RFE: Automatically analyze gathered bootstrap logs? #2569

wking · 2019-10-24T22:53:38Z

When bootstrapping fails but we got far enough in to be able to SSH into the bootstrap machine, the installer automatically gathers a log tarball. But the tarball is probably fairly intimidating to users who aren't on the install team or in the position to be frequently debuggers. And in some cases, the results are sufficiently structured that we can point out a specific problem (e.g. CRI-O failed, #2567) or "you had insufficient creds to pull the release image" (#901). Do we want to teach the installer how to find and highlight some of those cases? We have a fair number of them in the last 24 hours of CI:

$ curl -s 'https://ci-search-ci-search-next.svc.ci.openshift.org/search?name=-e2e-&maxAge=24h&context=0&search=Bootstrap+gather+logs+captured' | jq -r '. | keys[]' | sed 's|.*-e2e-\([^/]*\)/[0-9]*$|\1|' | sort | uniq -c | sort -n
      1 aws-console-olm
      1 azure-master
      1 azure-upgrade-4.2
      1 gcp-console
      1 gcp-upgrade
      1 libvirt
      1 openstack
      1 vsphere
      1 vsphere-upi-serial-4.2
      2 aws-encryption
      2 aws-ovn-kubernetes
      2 aws-ovs-kubernetes-4.3
      2 aws-upgrade
      2 aws-upi-4.3
      2 azure
      2 cmd
      2 tools
      2 wmcb
      2 wsu
      3 gcp
      3 gcp-op
      4 aws-proxy-4.2
      4 aws-proxy-4.3
      4 aws-scaleup-rhel7
      8 aws
     12 vsphere-upi-4.3
     12 vsphere-upi-serial-4.3
     20 aws-4.3

But currently no way to break those down by underlying cause.
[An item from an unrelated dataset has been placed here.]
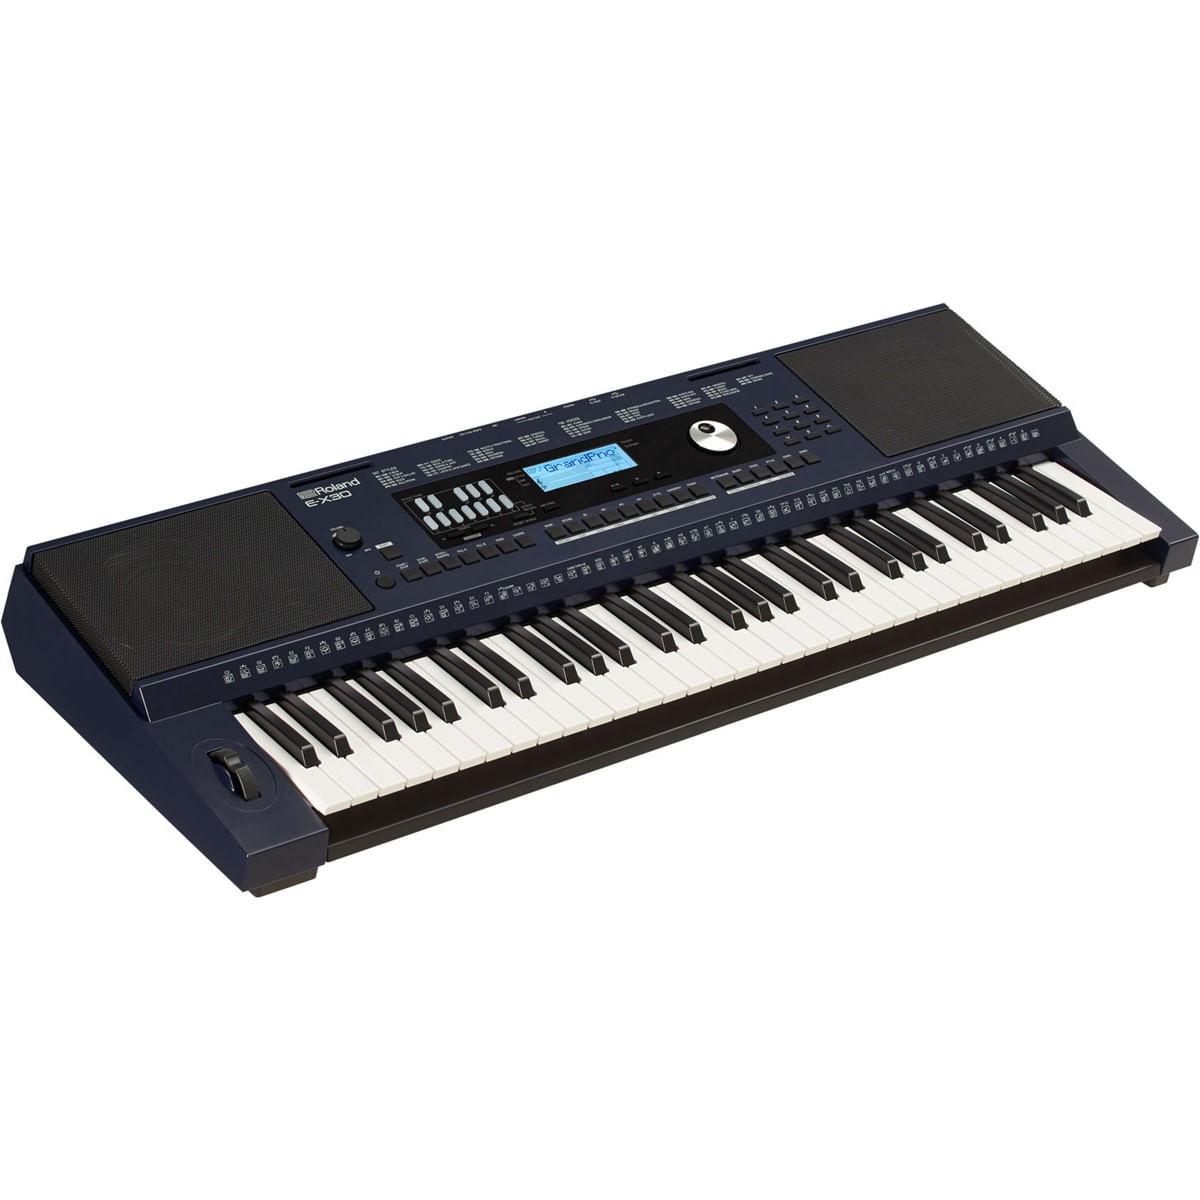 teclado-arranjador-e-x30-roland-1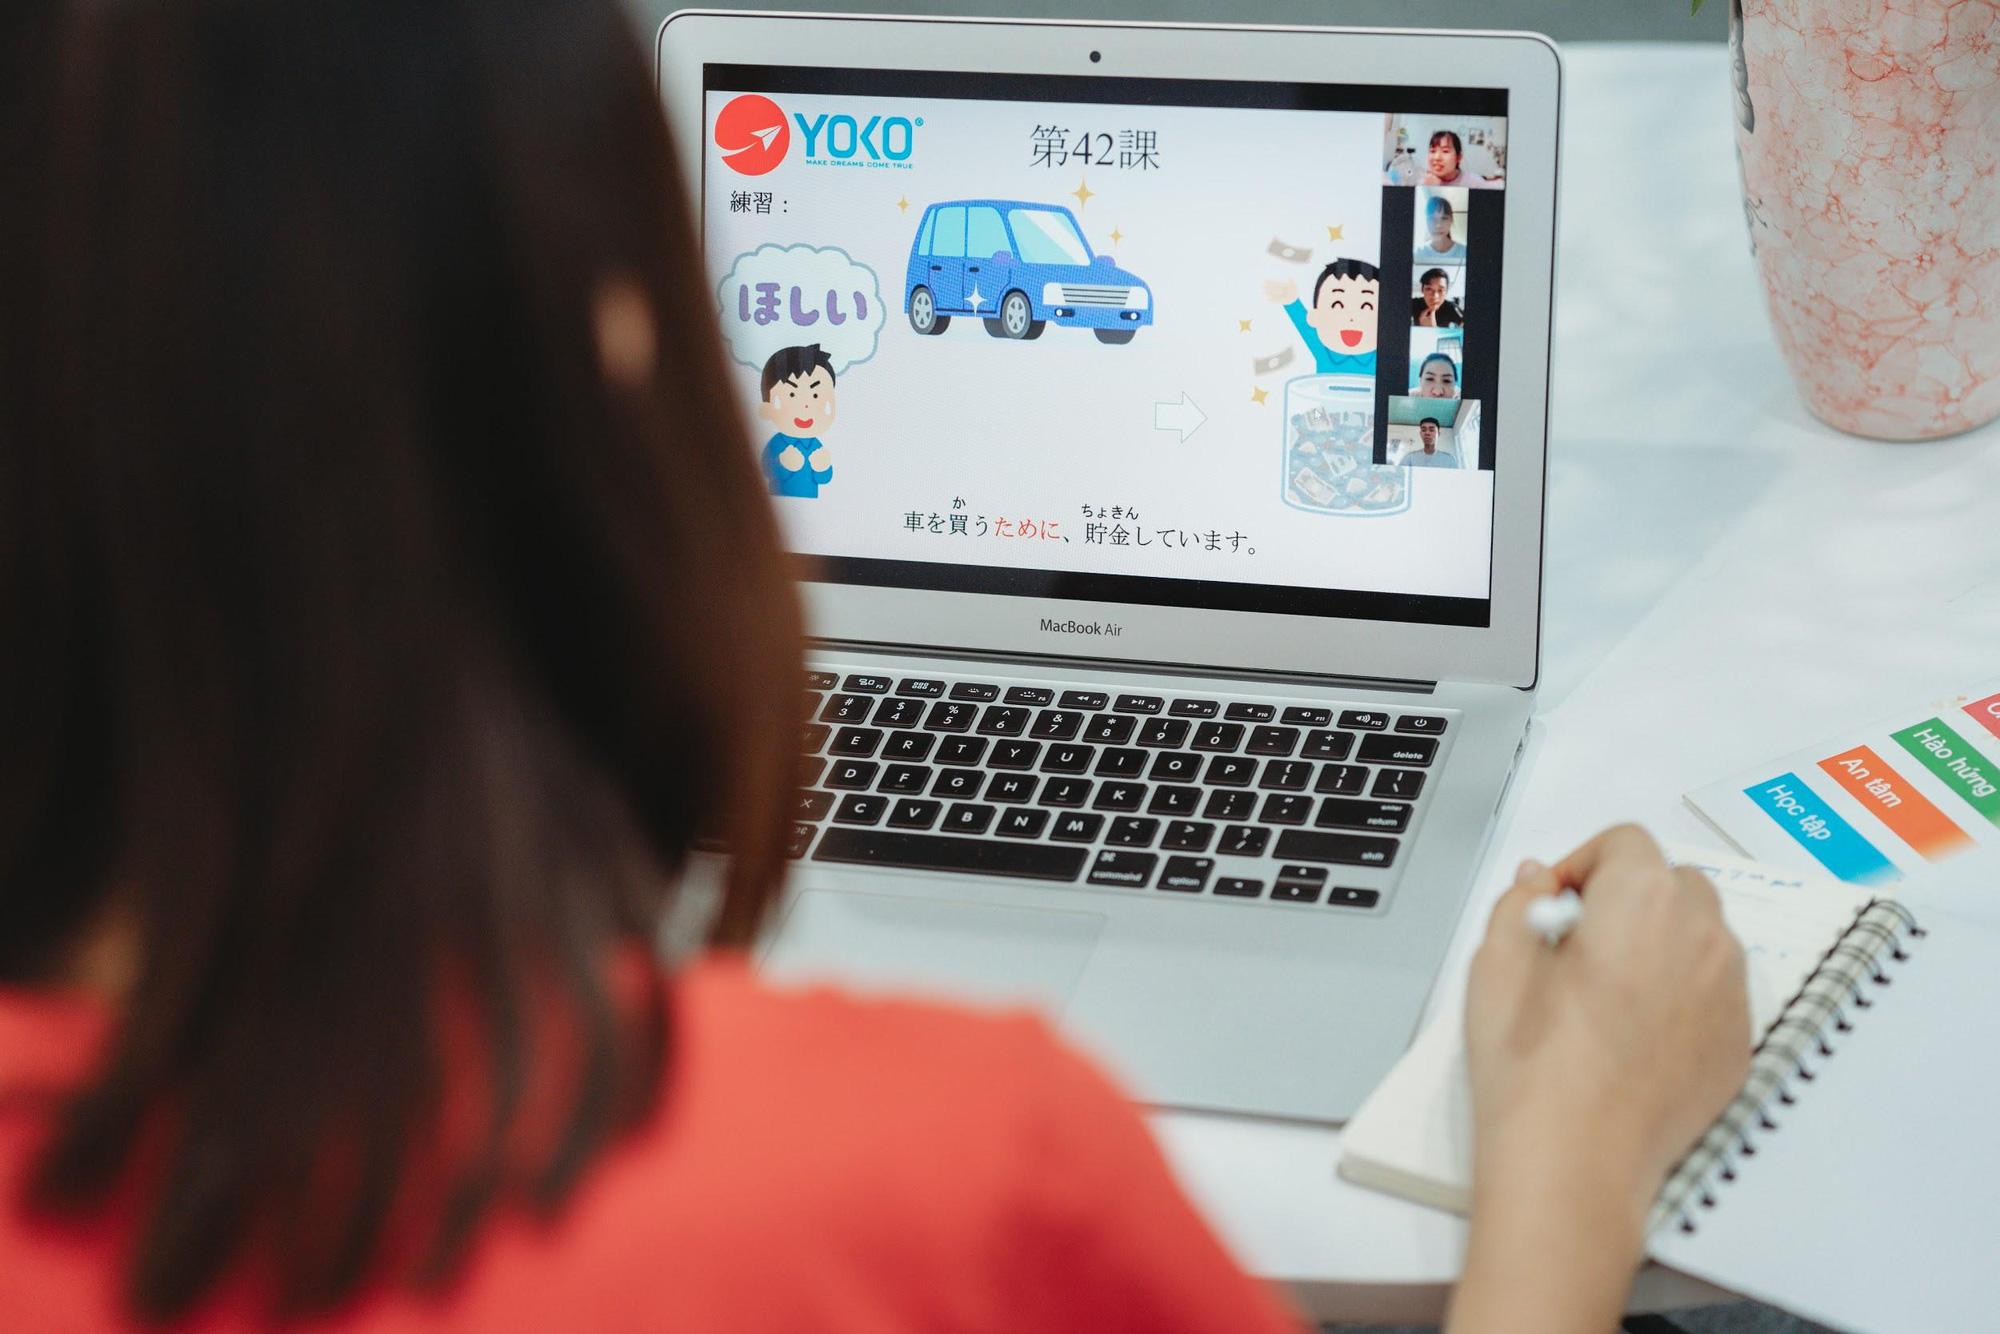 Miễn phí 100% khóa học online N4, N3 và khóa luyện thi tay nghề kỹ năng đặc định Tokutei tại Nhật Bản - Ảnh 2.

abhinavdahiya · 2019-10-28T16:33:29Z

I like the idea, do we have an idea regarding

a) how we want to expose this users?
b) do we have a list of initial things we should highlight using this?
c) But currently no way to break those down by underlying cause. So what kind of fingerprints do think will be useful here?

wking · 2019-10-28T21:21:46Z

a) how we want to expose this users?

Log entries, like in #2567 .

b) do we have a list of initial things we should highlight using this?

systemd unit failures, like in #2567 . Also, maybe "you had insufficient creds to pull the release image"? Or "your control plane machines never formed and etcd cluster". "I can't even SSH into your control plane machines". I don't think we need an exhaustive set of things, we can just grow this incrementally as we run into issues in CI or the wild.

c) But currently no way to break those down by underlying cause. So what kind of fingerprints do think will be useful here?

Anytime someone hits a gather and says "I dunno, installer folks, but here's your gathered tarball", I think we should think about whether there is something we could either be fixing so it doesn't happen again or, when that's not possible (e.g. user provides insufficient pull secret), logging a more approachable summary of the underlying issue. The tarball alone is usually going to be sufficient for debugging, but I think we'll have fewer installer-targeted tickets if we provide summaries where we can.

chancez · 2019-10-30T23:20:01Z

@abhinavdahiya recently dived into some CI logs and found a bootloop related issue it seems. Sounds like it required looking at multiple log entries to determine it though.

pecameron · 2020-01-09T21:20:21Z

When installer fails, and the failure has to do with something external to the cluster, installer should report what went wrong and what the user needs to do to resolve it. Typical things may be resource problems in the cloud such as quota exceeded, not enough hosts available, token bad/expired/missing and such. Internal failings are OpenShift bugs that need to be fixed, not reported by installer.
I am thinking of something like messages from "git rebase" or similar.

sdodson · 2020-01-10T14:39:52Z

@wking Where do you think these tools should incubate? In this repo's hack directory? a sub command like #2567 ?

wking · 2020-01-10T18:19:56Z

I like having them in a subcommand so we can run them automatically on behalf of the user (who maybe got the installer binary without our associated hack dir, which is the case for non-UPI CI jobs). But if folks feel that is too much of a risk, I'd be ok landing them outside the installer binary as a stopgap. Ideally in a separate Go command, to make it easier to compile them into the core installer binary if we decide to go that way in the future.

openshift-bot · 2020-04-09T18:53:33Z

Issues go stale after 90d of inactivity.

Mark the issue as fresh by commenting /remove-lifecycle stale.
Stale issues rot after an additional 30d of inactivity and eventually close.
Exclude this issue from closing by commenting /lifecycle frozen.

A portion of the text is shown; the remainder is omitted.